EXTRACTED DATA section start

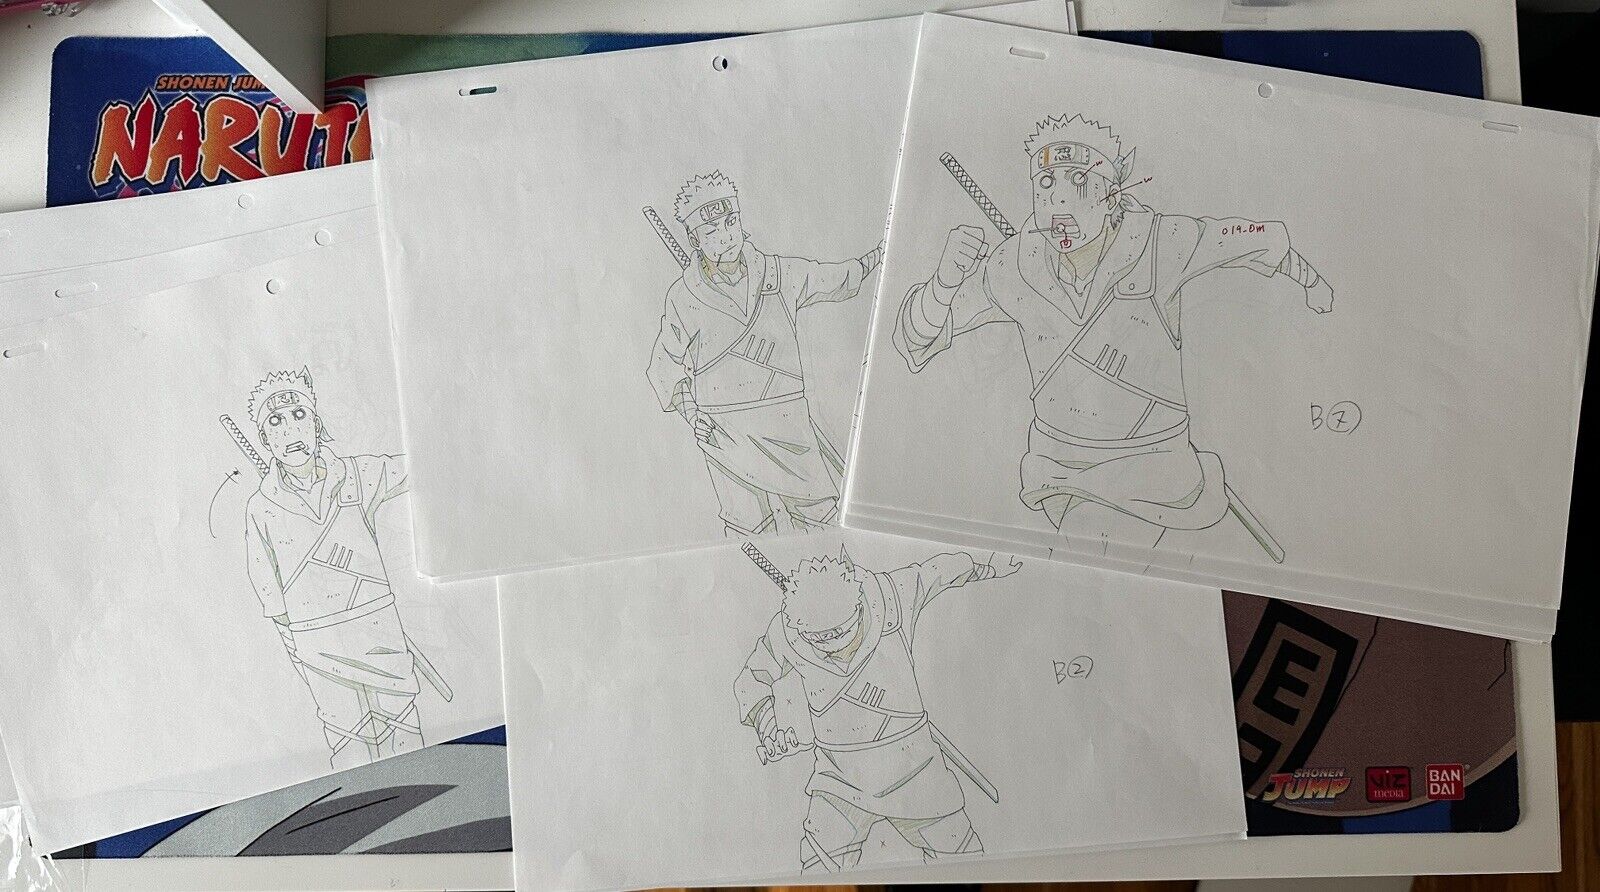 Naruto Shippuden Animation Art Gengas & dougas - 21 Total Sketches of Omoi
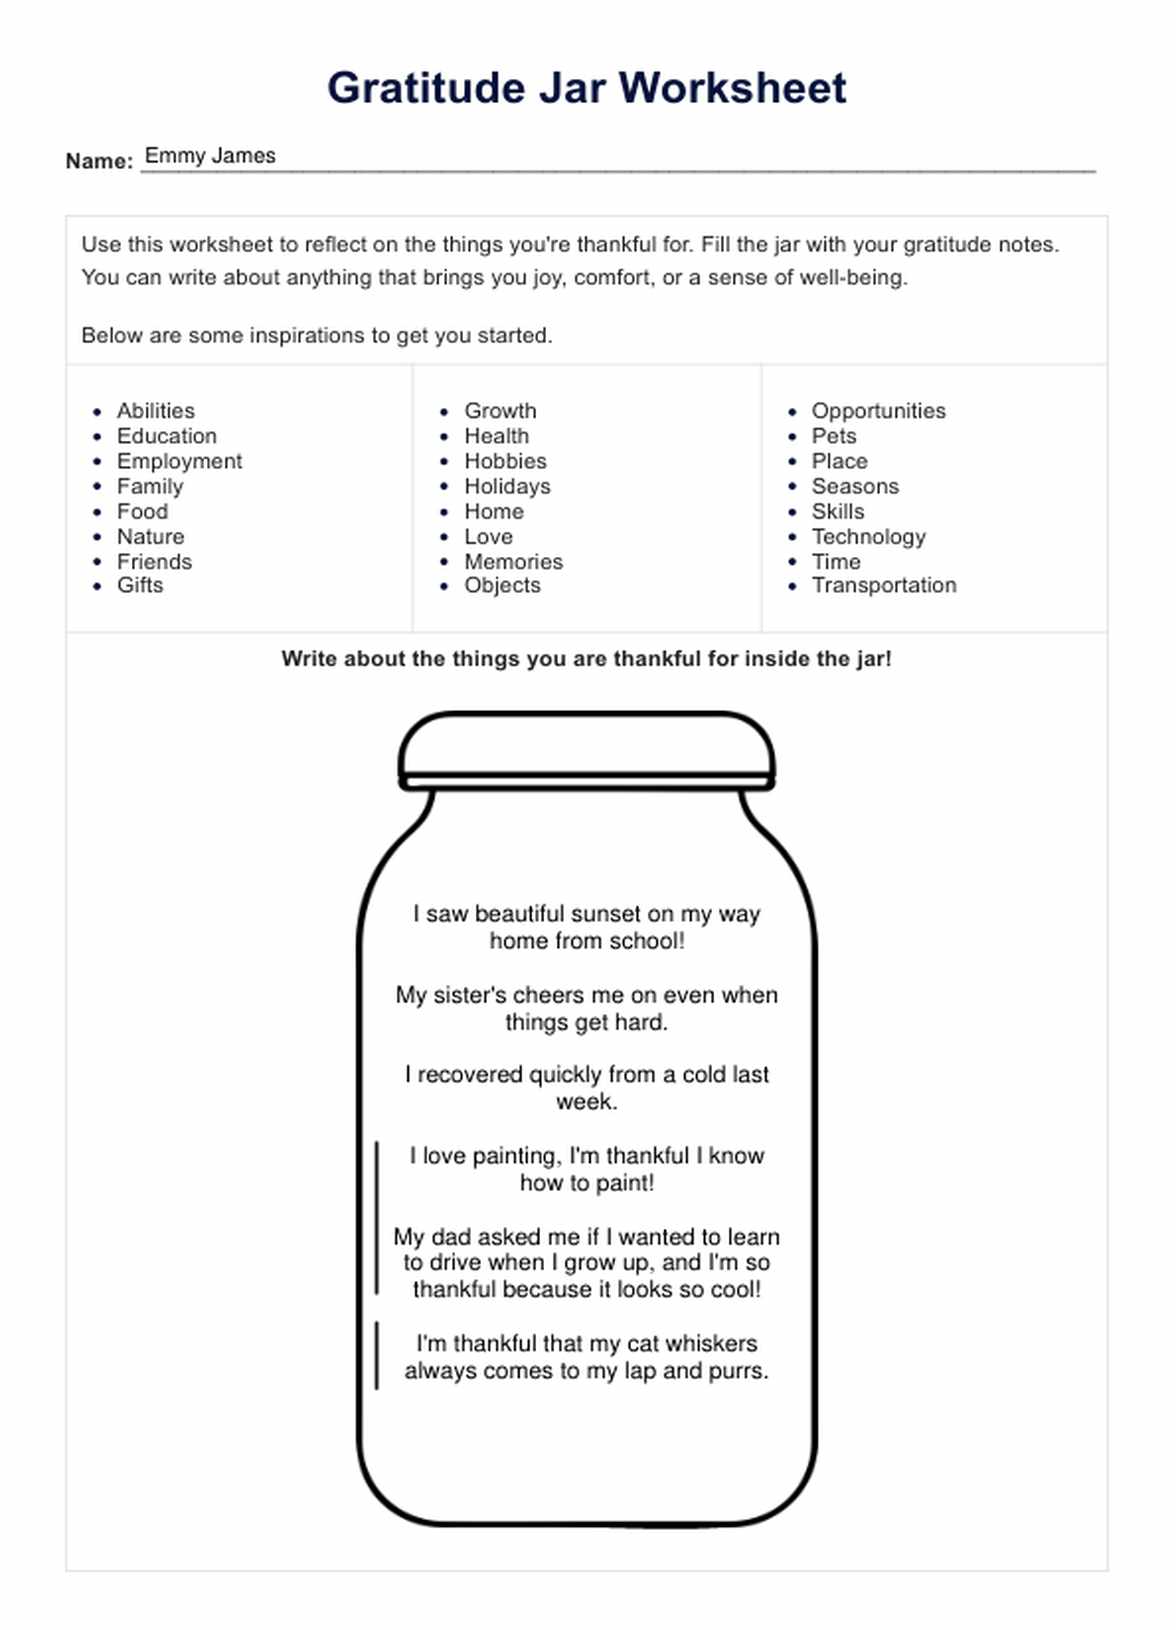 Gratitude Jar Worksheet PDF Example
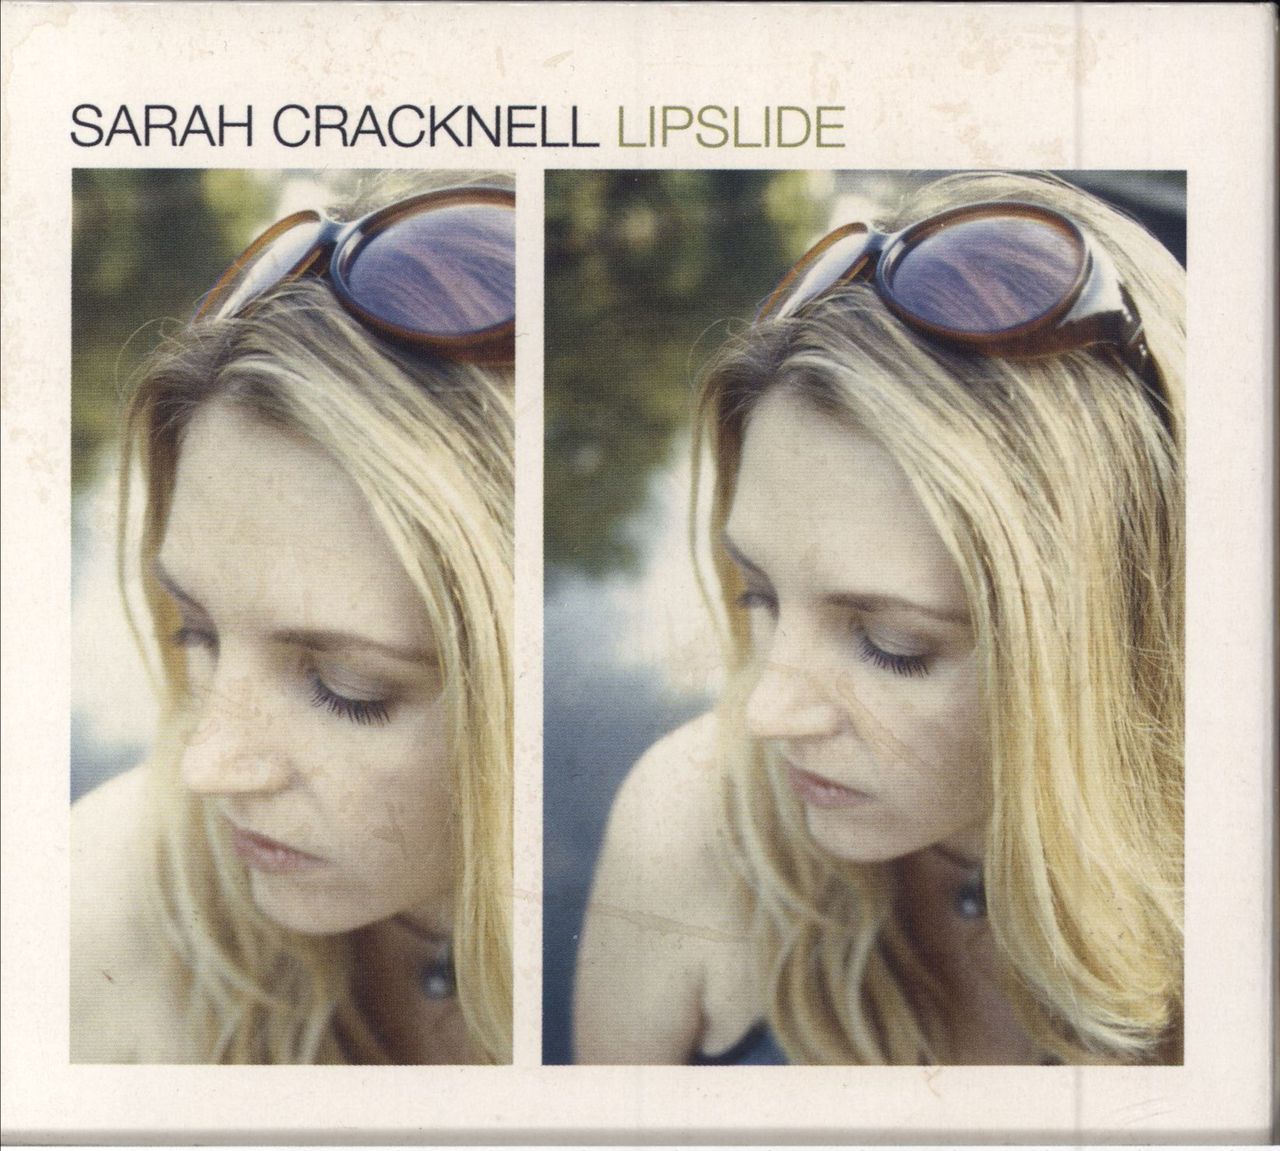 Sarah Cracknell Lipslide - EX UK 2 CD album set (Double CD) HVNLP92CDDE
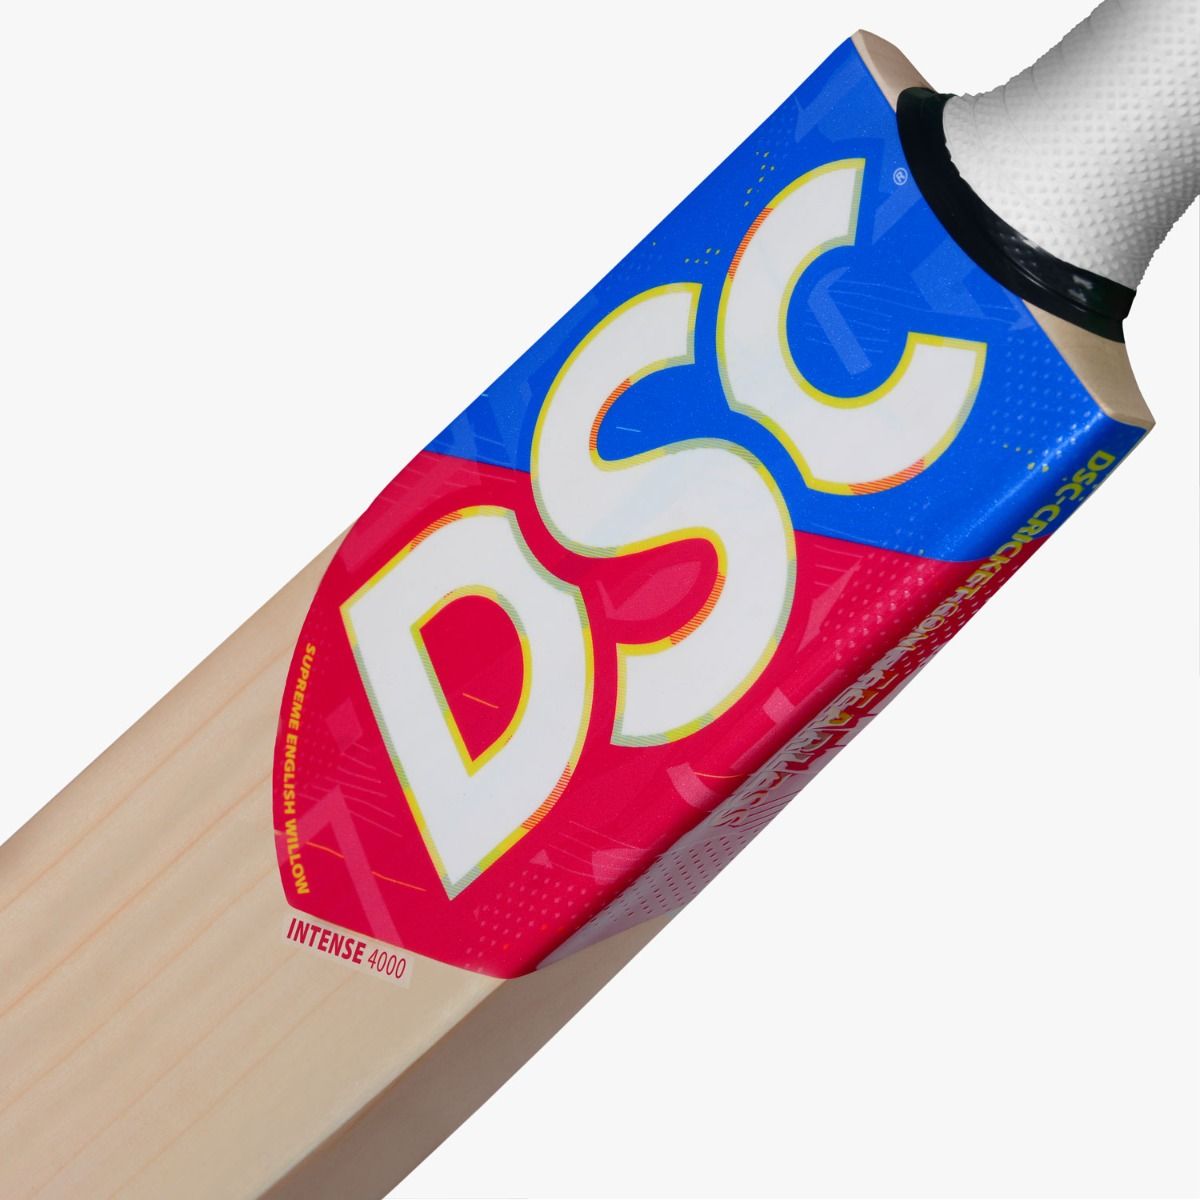 DSC Intense 4000 English Willow Harrow Bat
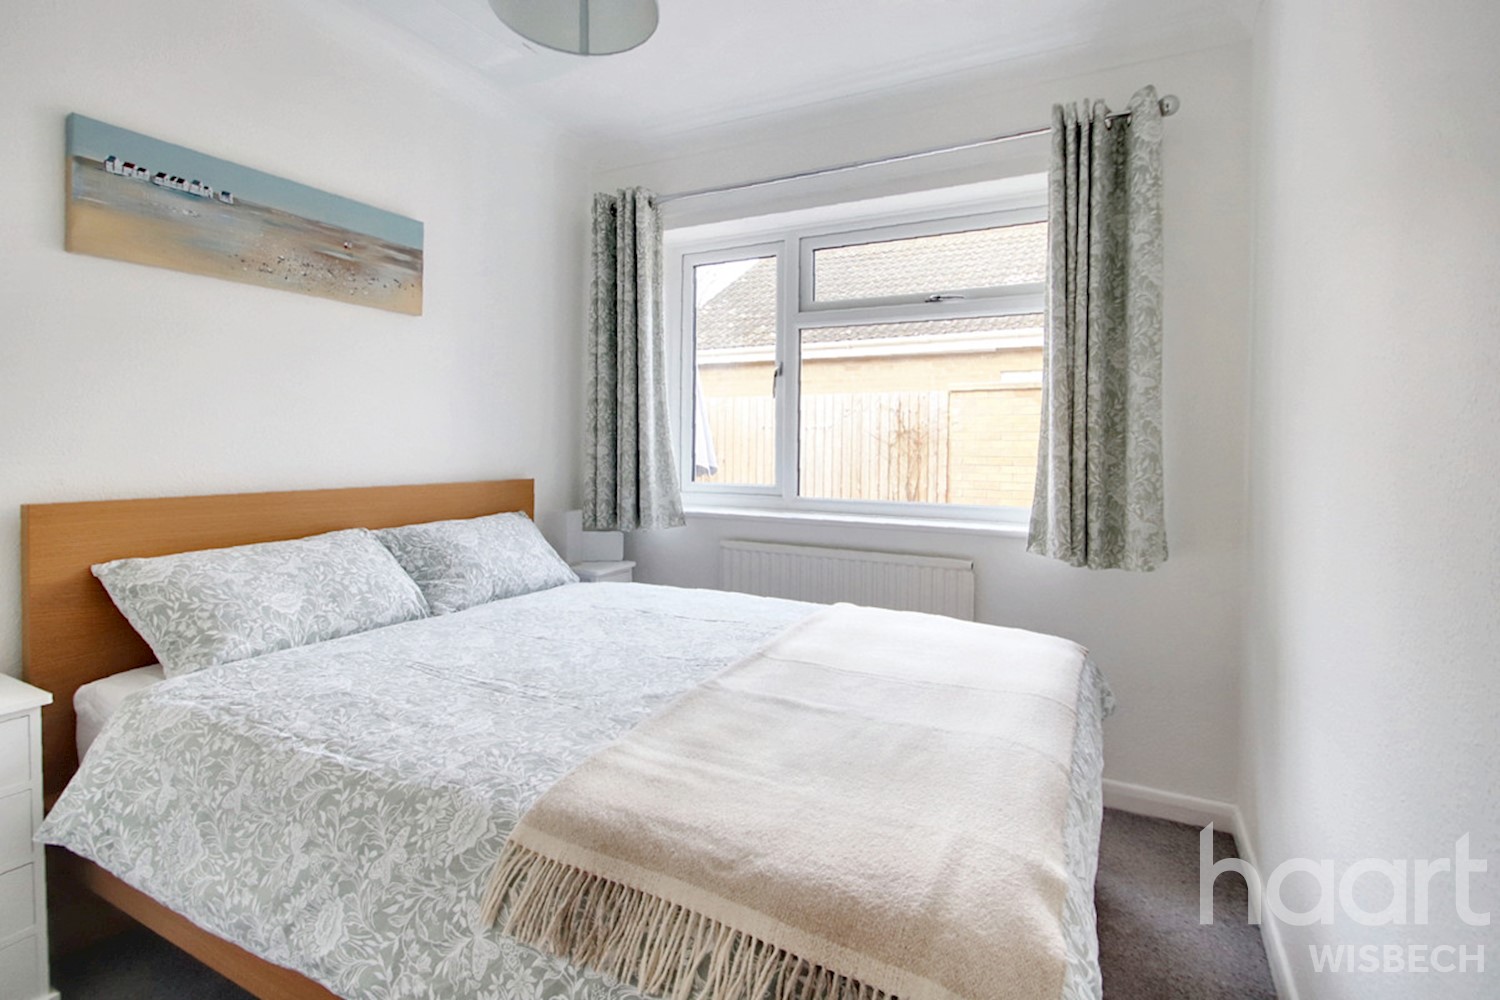 4 bedroom Bungalow | Church Way, Tydd St Mary | £350,000 | haart
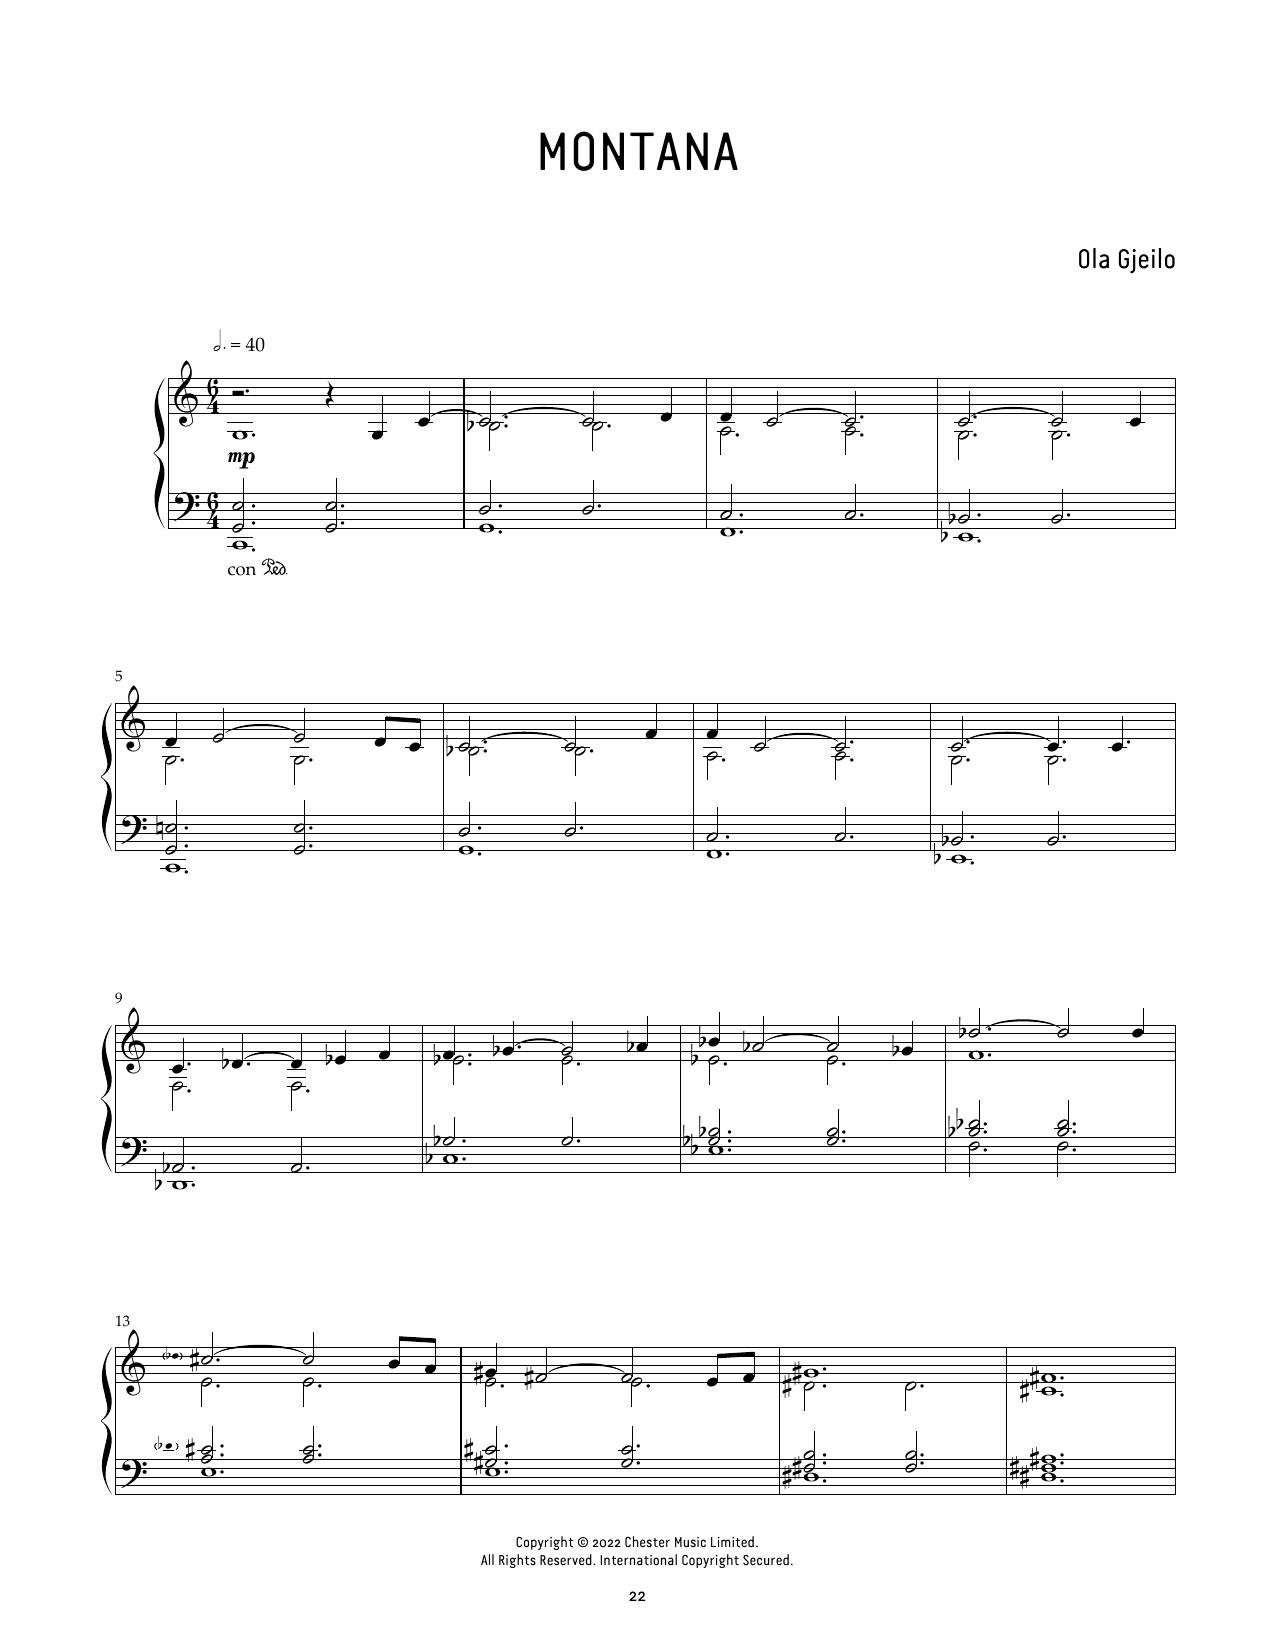 Ola Gjeilo Montana Sheet Music Notes & Chords for Piano Solo - Download or Print PDF

EXTRACTED DATA section end

* [TASK REQUIREMENTS]
Output every record above exactly, leaving out the pictures.

* [RESULT FOR THIS EXERCISE]
 Naruto Shippuden Animation Art Gengas & dougas - 21 Total Sketches of Omoi
 Gratitude Jar Worksheet PDF Example
 Sarah Cracknell Lipslide - EX UK 2 CD album set (Double CD) HVNLP92CDDE
 DSC Intense 4000 English Willow Harrow Bat
 4 bedroom Bungalow | Church Way, Tydd St Mary | £350,000 | haart
 Ola Gjeilo Montana Sheet Music Notes & Chords for Piano Solo - Download or Print PDF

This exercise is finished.